- Born: 3 October 1958 Cuautitlán Izcalli, State of Mexico, Mexico
- Died: 5 February 2018 (aged 59)
- Occupation: Politician
- Political party: PRI

= Francisco Rojas San Román =

Mexican politician (1958–2018)

Francisco Lauro Rojas San Román (Note: ) (3 October 1958 – 5 February 2018) was a Mexican politician from the Institutional Revolutionary Party (PRI). He served two terms in the Chamber of Deputies representing the State of Mexico's 7th district.

==Biography==
Born in Cuautitlán Izcalli, State of Mexico, in 1958, Francisco Rojas San Román studied as an industrial chemical engineer. He went on to found the company Auto Líneas Fros and Grupo Fros.

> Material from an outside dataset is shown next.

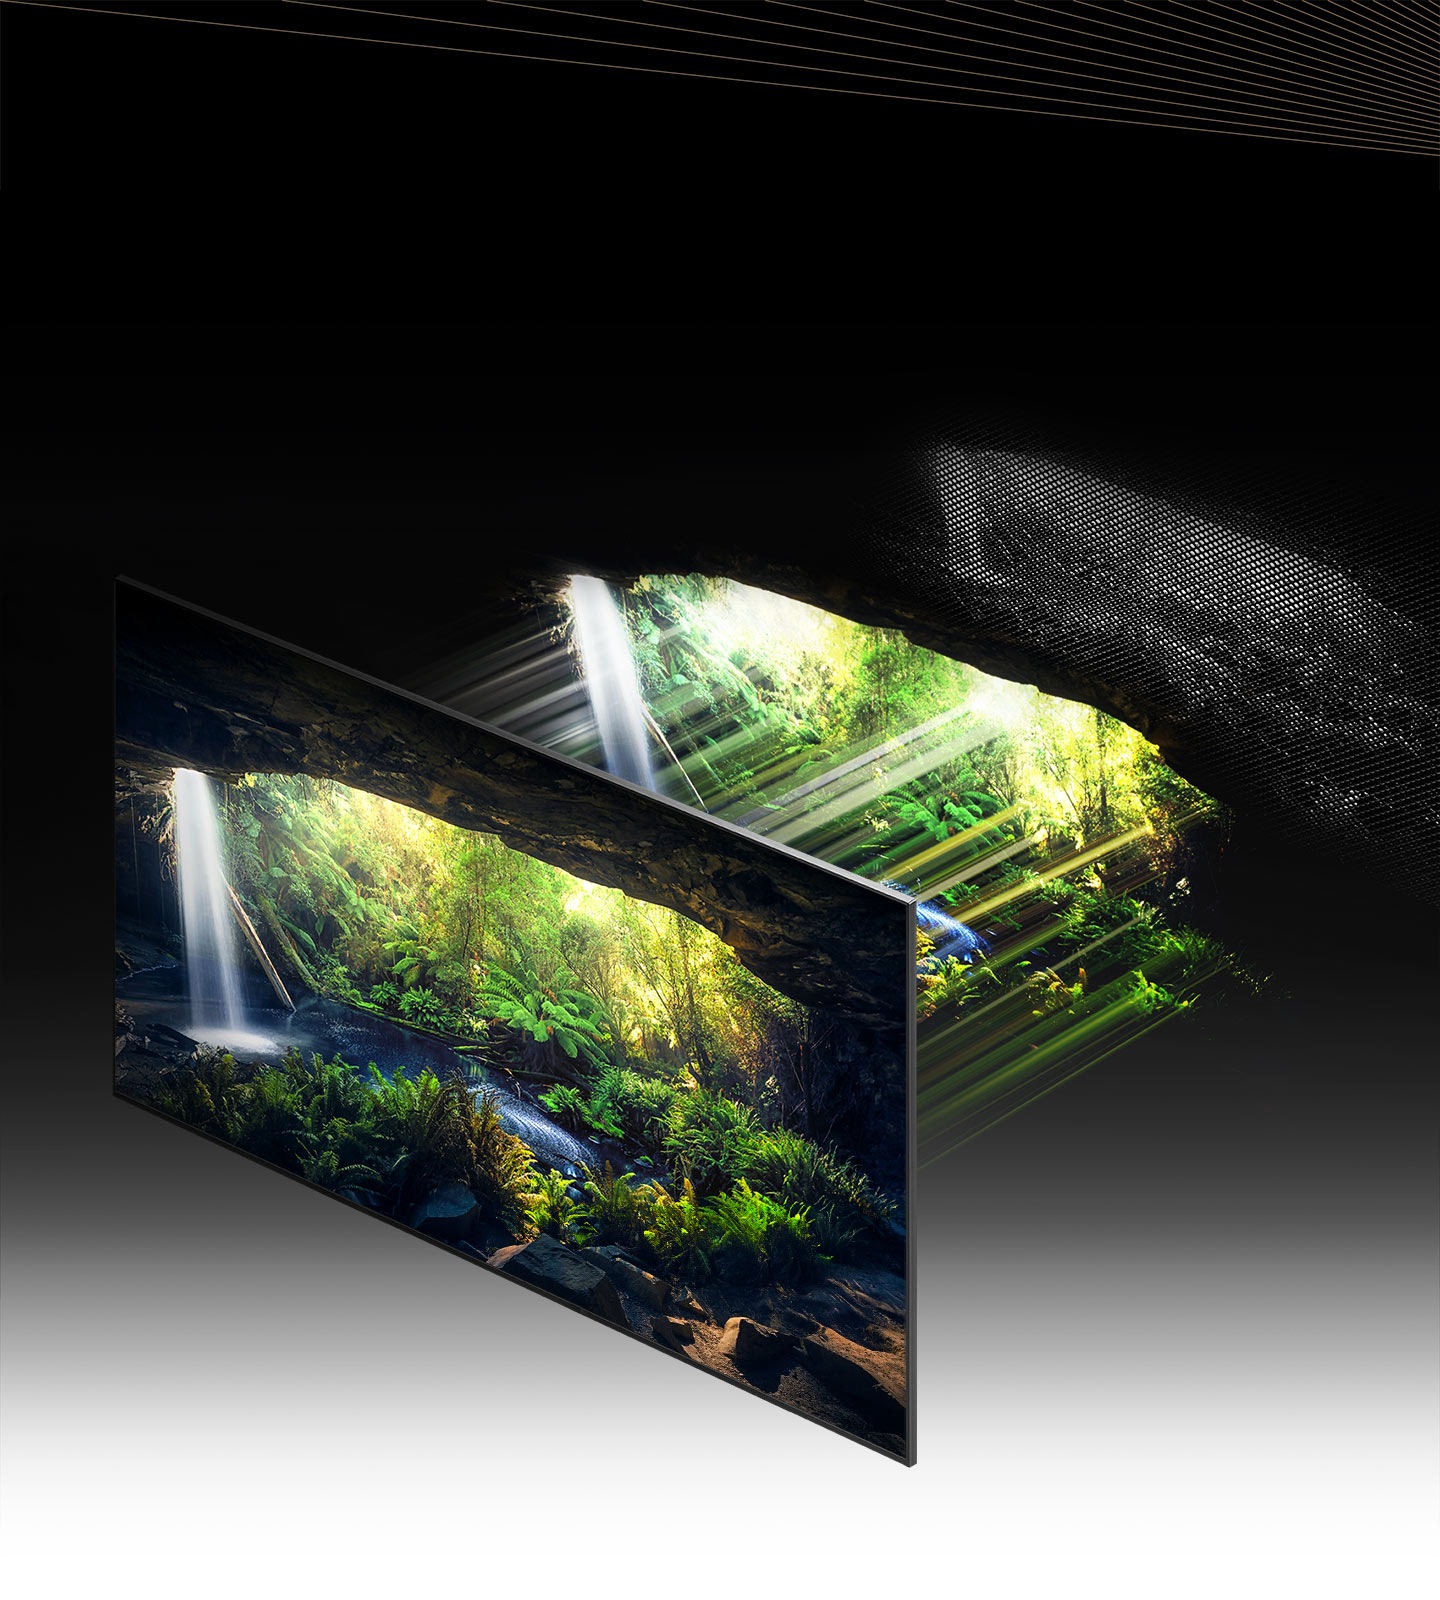 Thông qua Quantum Mini LED và microlayer, màn hình với phong cảnh rừng tuyệt đẹp nhìn từ bên trong hang động được hiển thị chi tiết, rõ ràng ở các vùng sáng và tối.
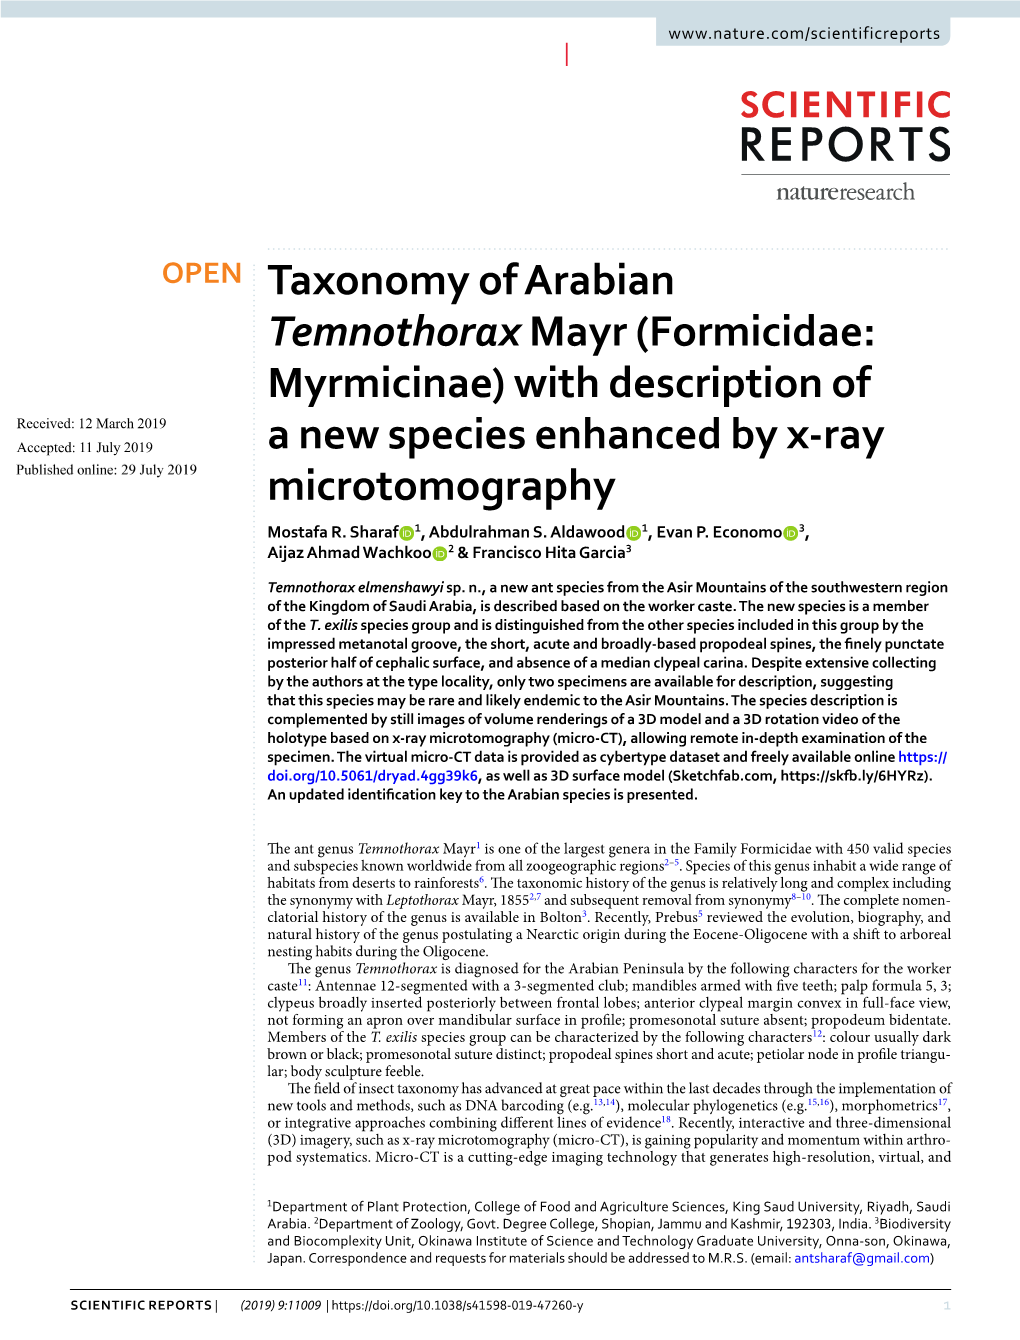 Taxonomy of Arabian Temnothorax Mayr (Formicidae: Myrmicinae)

As a member of the Institutional Revolutionary Party, he participated in various campaigns and activities as sectional president, municipal, state and national political adviser, as well as general campaign coordinator.

In 1997 he was elected alderman to the City Council of Cuautitlán Izcalli, which he held from that year to 2000 and was headed by the municipal president Julián Angulo Góngora of the PAN.

On two occasions he was elected as a federal deputy representing the 7th district of the state of Mexico: to the 61st Congress (2009 to 2012), in which he held the positions of secretary of the Transportation Commission and member of the Public Safety and Tourism commissions; and to 63rd Congress (2015 to 2018), in which he held the positions of secretary of the Transportation Commission and member of those of Mexico City and Jurisdictional.

He died on 5 February 2018, after an attack on his life two days prior. At the time he was seeking the PRI's nomination for election as the municipal president of Cuautitlán Izcalli.